雌と同居した雄は余分な脂肪を減らせる 血液から検出されたのは…黒豚の生産性向上へ鹿児島県職員が実験 | 鹿児島のニュース | 南日本新聞 | 373news.com
https://373news.com/_news/storyid/156697/
黒豚の雄と雌を同居させると、肉の余分な脂肪が減らせる-。鹿児島県畜産試験場(霧島市)の大小田勉副場長(57)が、かごしま黒豚の生産性向上についての研究成果を提示した。生産現場での活用が期待される。

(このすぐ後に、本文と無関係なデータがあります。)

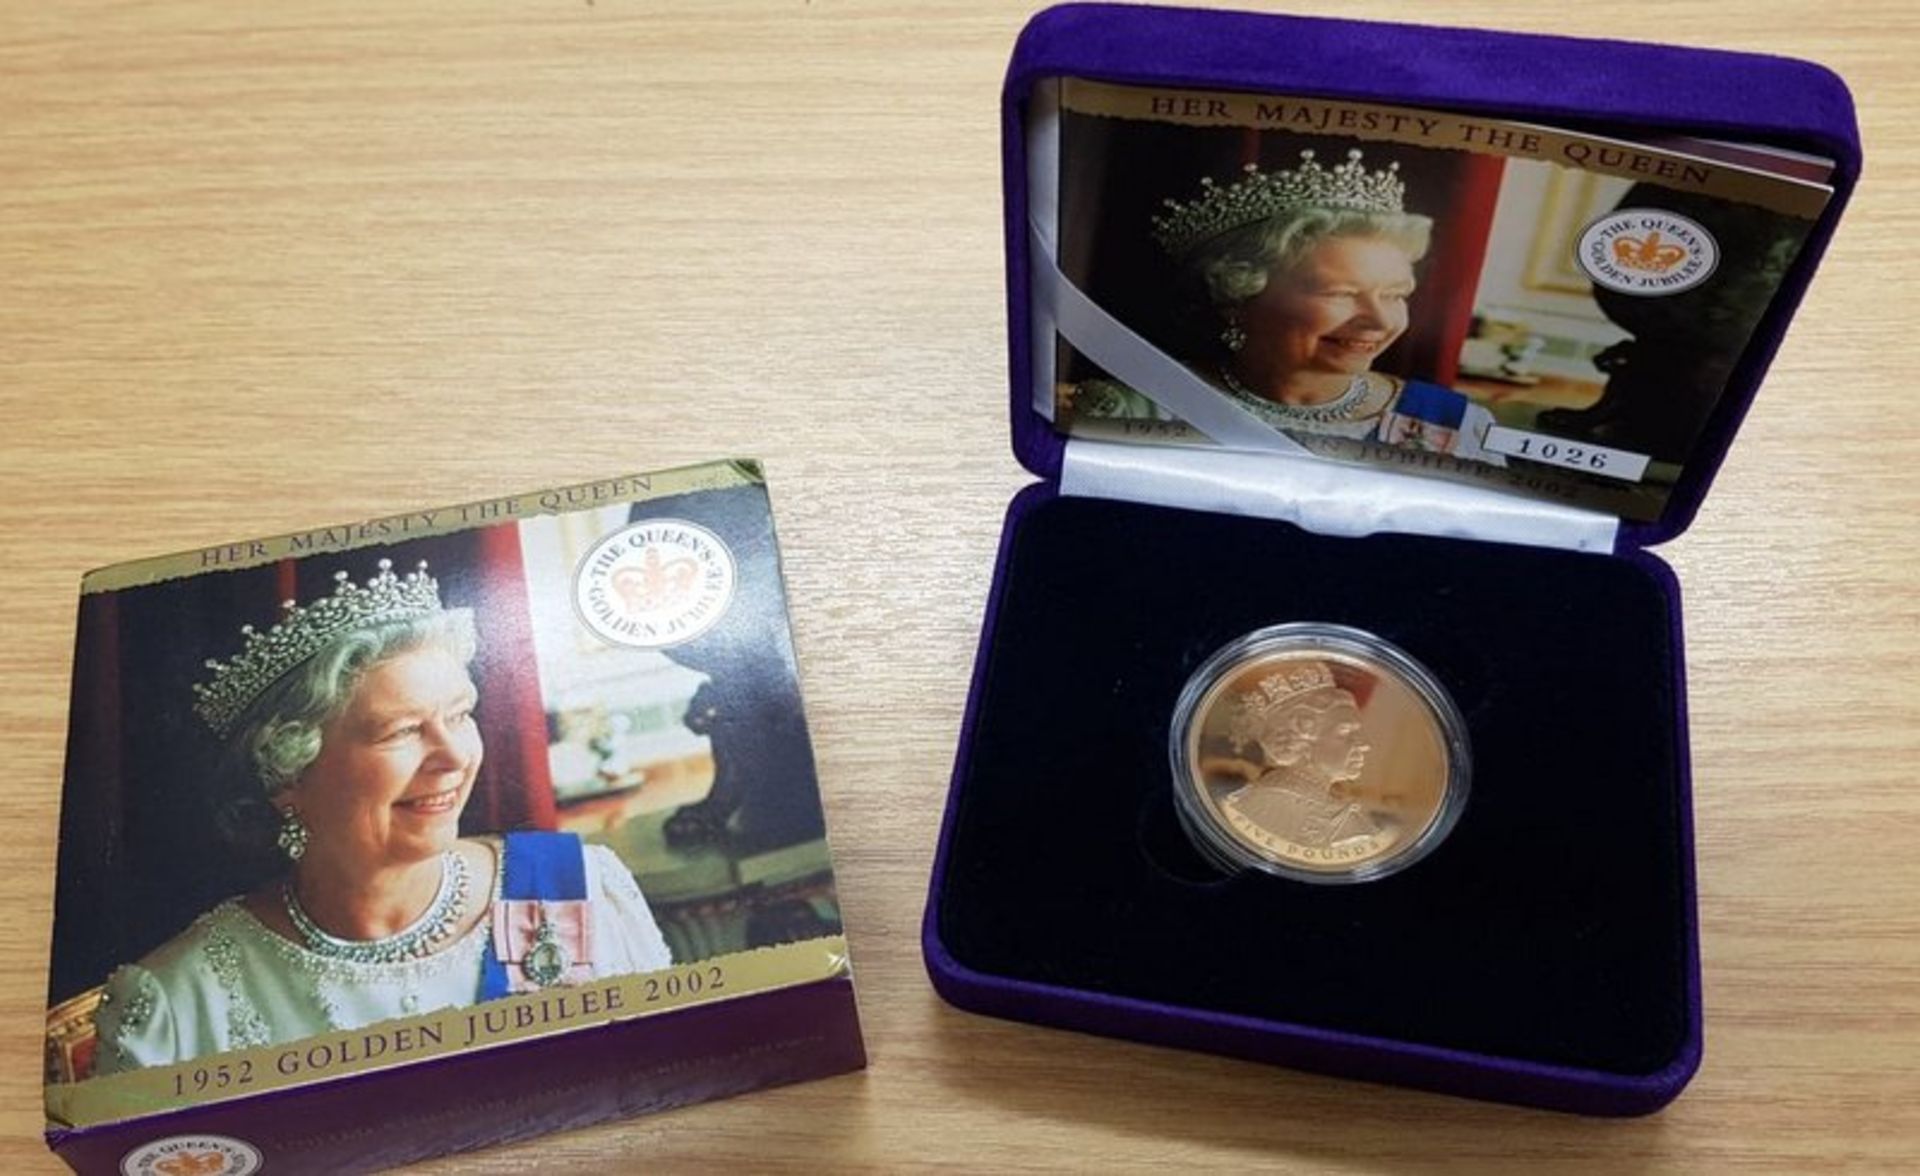 2002 - Gold Five Pound Proof Coin, Golden Jubilee Boxed - Image 5 of 6

豚の枝肉は重量、背脂肪の厚さ、肉質などの基準で、5段階に分けられる。上から2番目までの「特上」「上」は上物とされ、特に高く取引される。黒豚は白豚に比べて背脂肪が厚くなりやすく、肉質や味の評価が高い割に格付けは低くなってしまうのが課題だった。
去勢雄は雌に比べて厚さのコントロールが難しいため、これまでは別々に飼うのが一般的だった。実験の結果、雄と雌の比率を7対3にして同じ部屋で飼うことで、雄の背脂肪が厚くなりすぎるのを防げることが判明した。さまざまな比率を試し、最も上物率が高くなったのが7対3だった。
同居させた雄の血液を調べると、女性ホルモンのエストロゲンが検出された。これにより食欲や太りやすさに影響を与えた可能性があるという。
大小田副場長は「余計なコストをかけずに、農家の手取りを増やせるかもしれない」と期待する。
研究成果を論文にまとめ、今年、鹿児島大学大学院連合農学研究科で博士号(農学)を取得した。生産性向上のほか、かごしま黒豚のおいしさを肉質の特性から科学的に分析することも試みた。